-- Information shown follows --

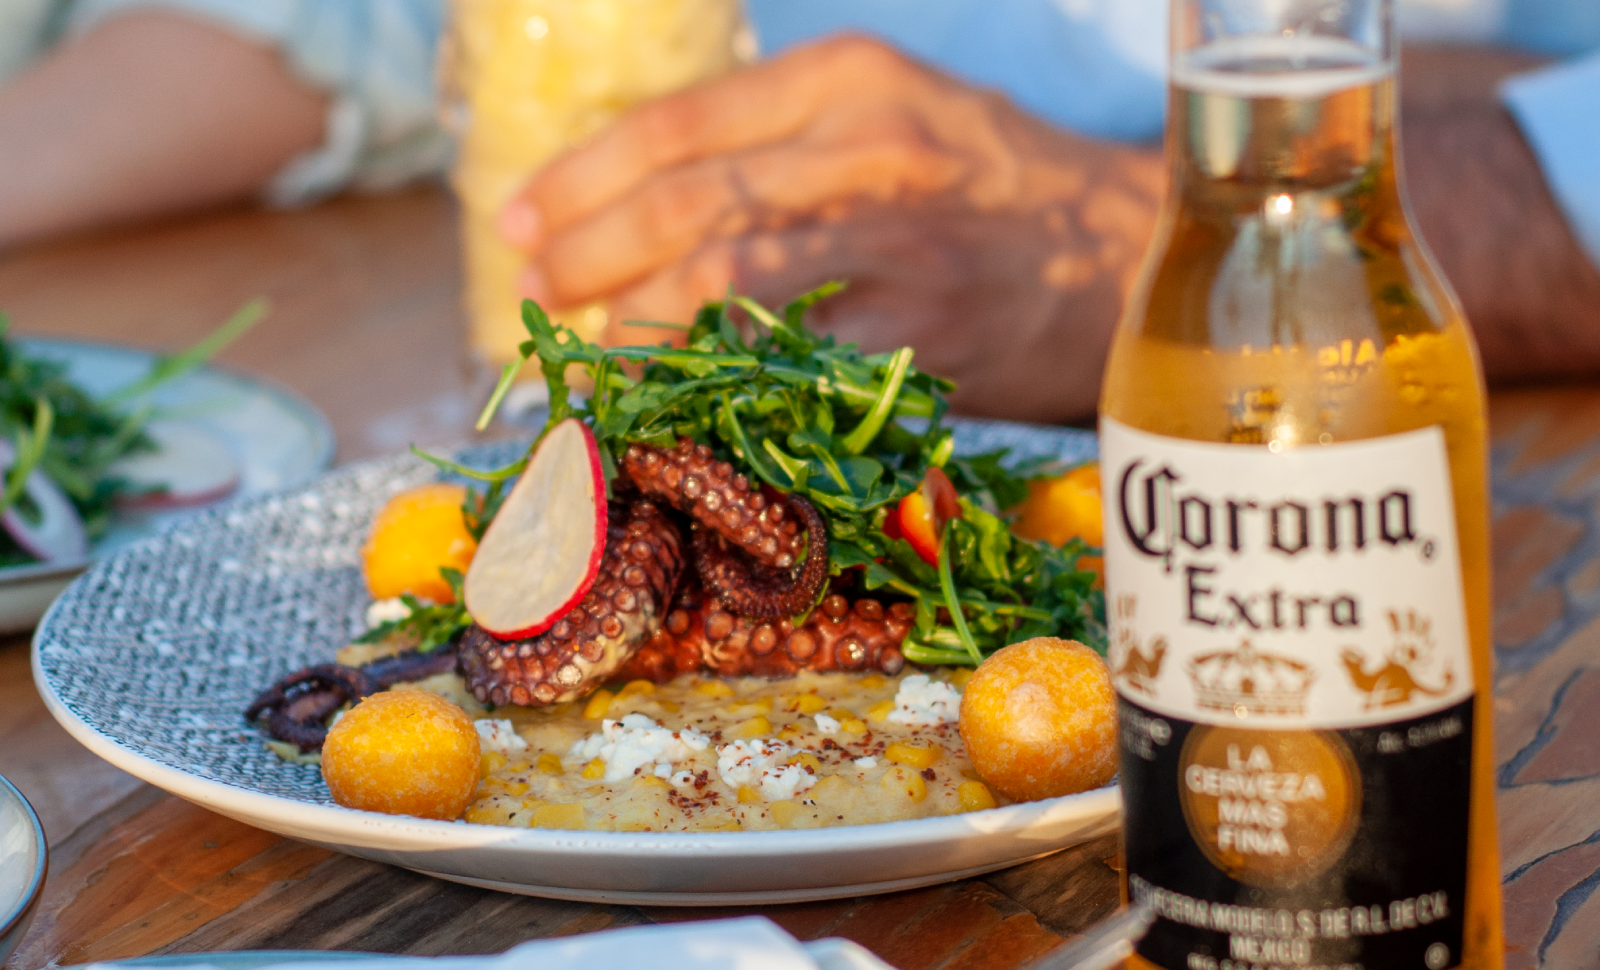 Corona beer and food
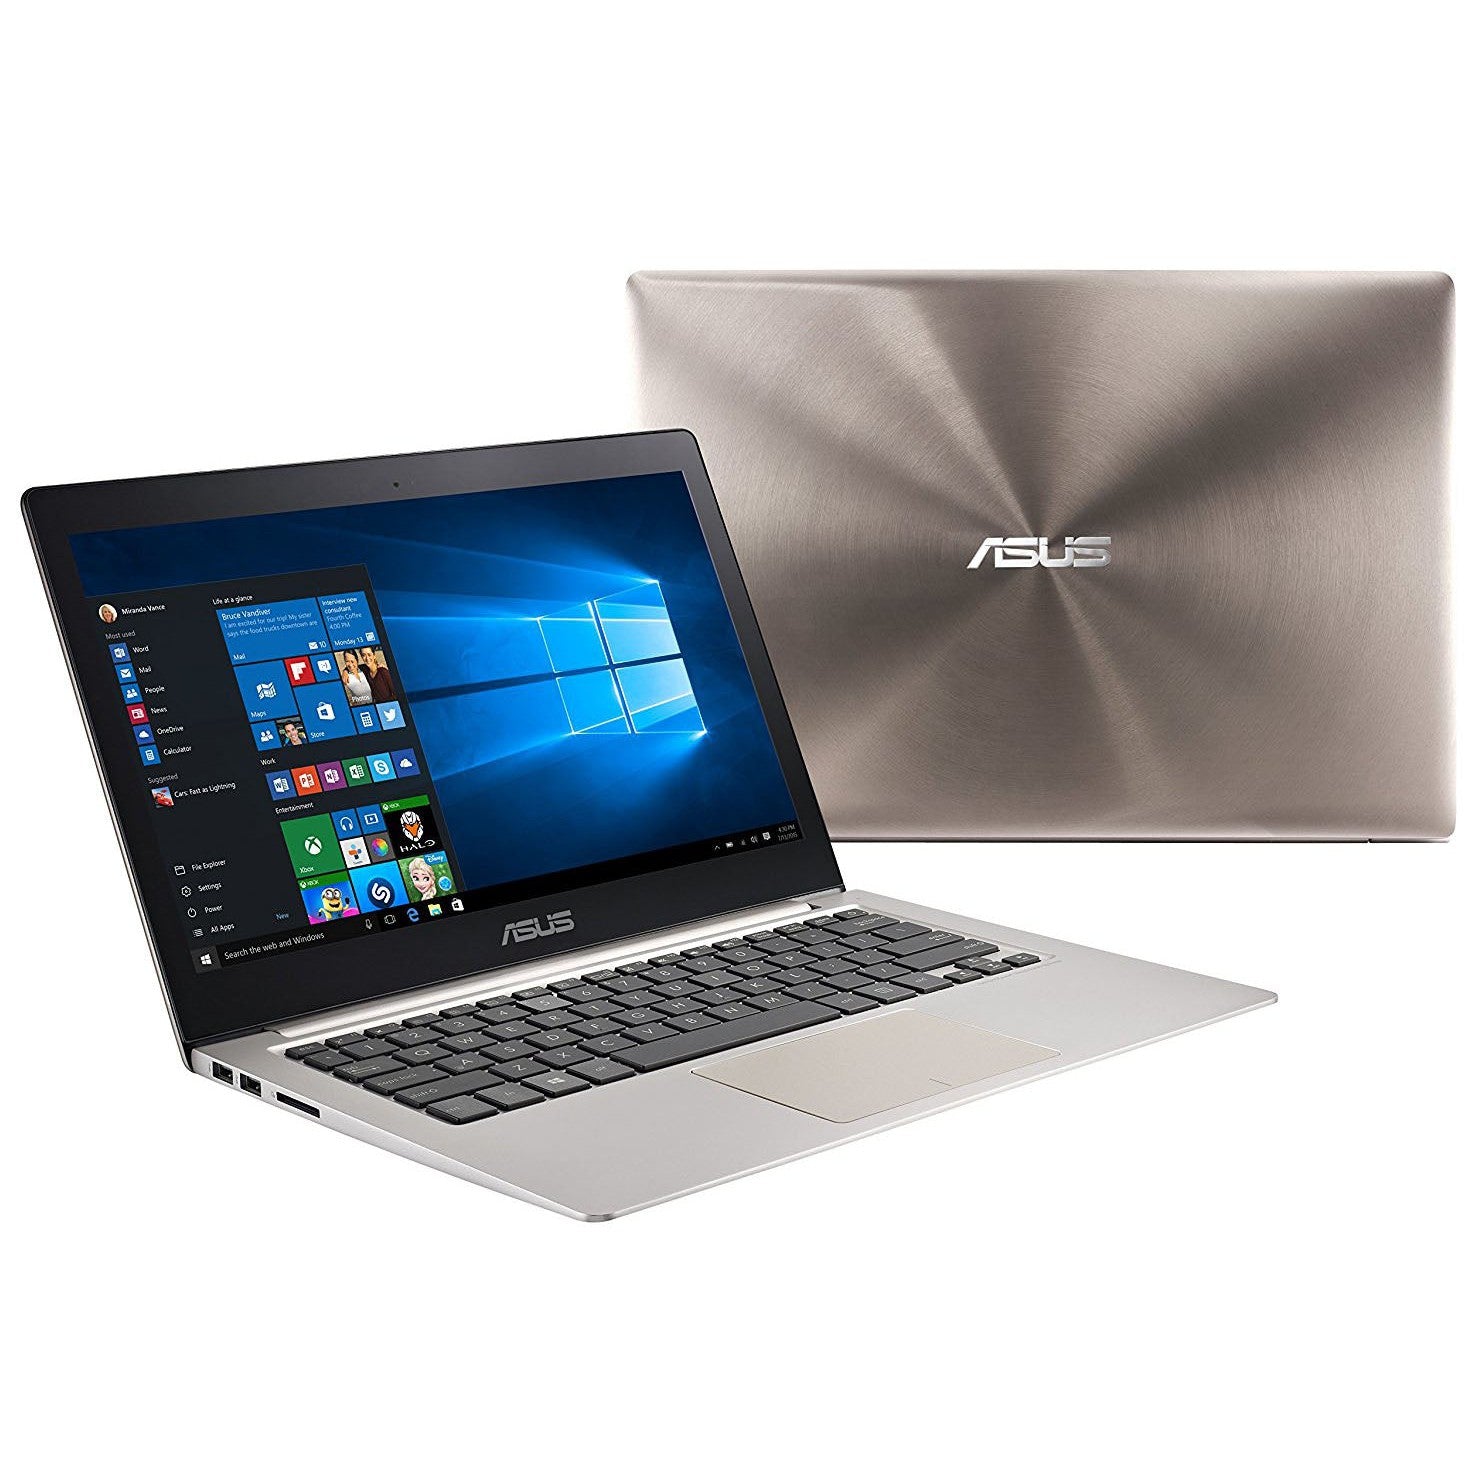 ASUS ZenBook UX303UB-R4074T Intel Core i5-6200U 8GB RAM 1TB HDD, 13" - Grey
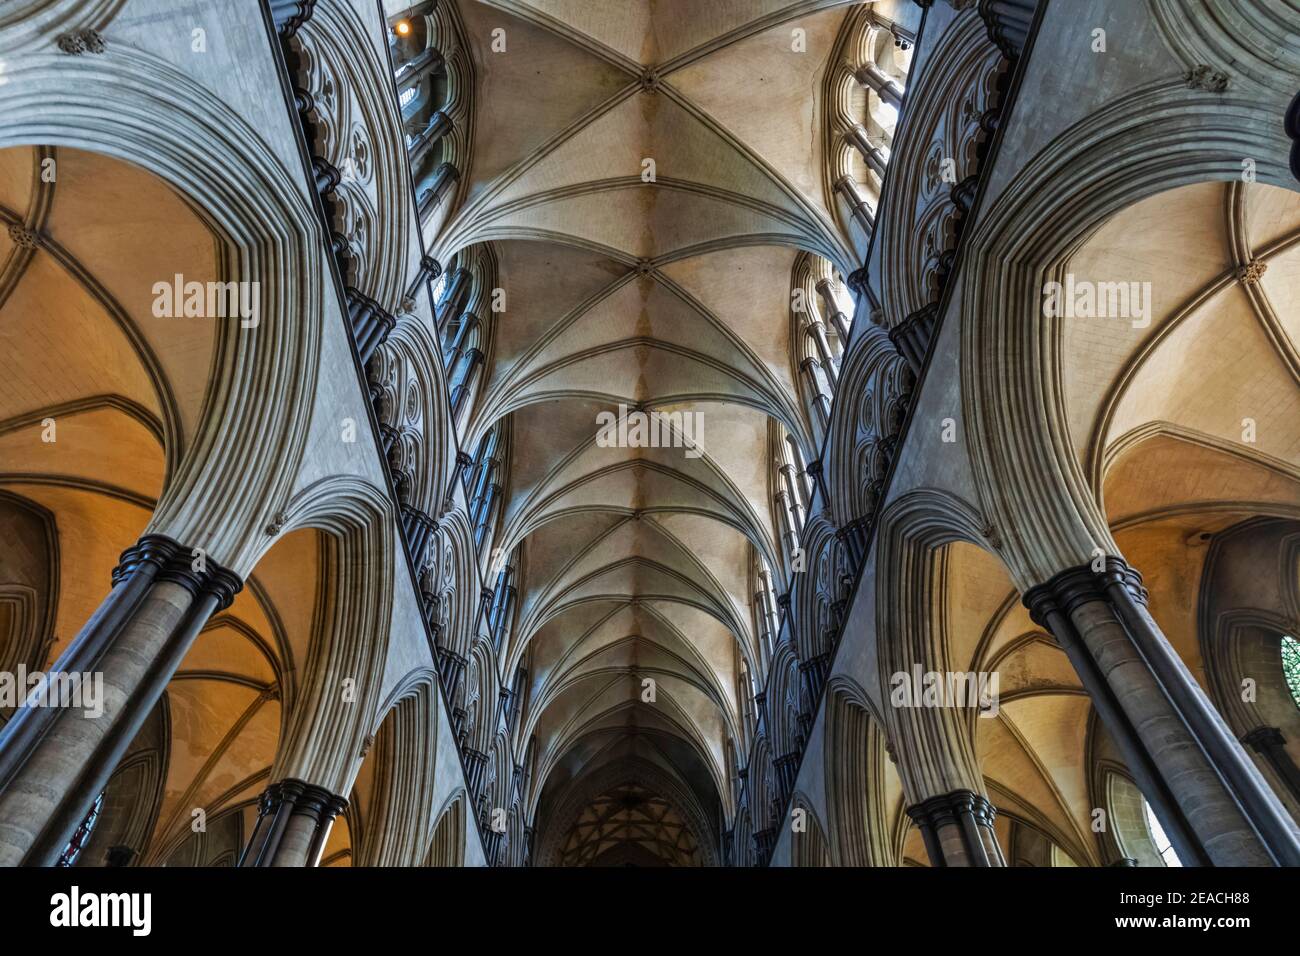 Angleterre, Wiltshire, Salisbury, Cathédrale de Salisbury, vue intérieure Banque D'Images

-- Information shown concluded --

- About this exercise
Repeat the data exactly, without the pictures.

- Written response
 Corona beer and food
 ASUS ZenBook UX303UB-R4074T Intel Core i5-6200U 8GB RAM 1TB HDD, 13" - Grey
 Angleterre, Wiltshire, Salisbury, Cathédrale de Salisbury, vue intérieure Banque D'Images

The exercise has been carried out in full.